Find every line in the records below that contains the word "Nastro", and copy each such line.

--- Task material Enclosed Below ---

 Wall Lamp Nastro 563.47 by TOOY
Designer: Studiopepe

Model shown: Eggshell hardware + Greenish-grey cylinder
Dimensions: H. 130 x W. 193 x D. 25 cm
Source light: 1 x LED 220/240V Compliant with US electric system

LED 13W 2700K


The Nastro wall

--- End of Enclosed Task material ---

# Answer below
 Wall Lamp Nastro 563.47 by TOOY
The Nastro wall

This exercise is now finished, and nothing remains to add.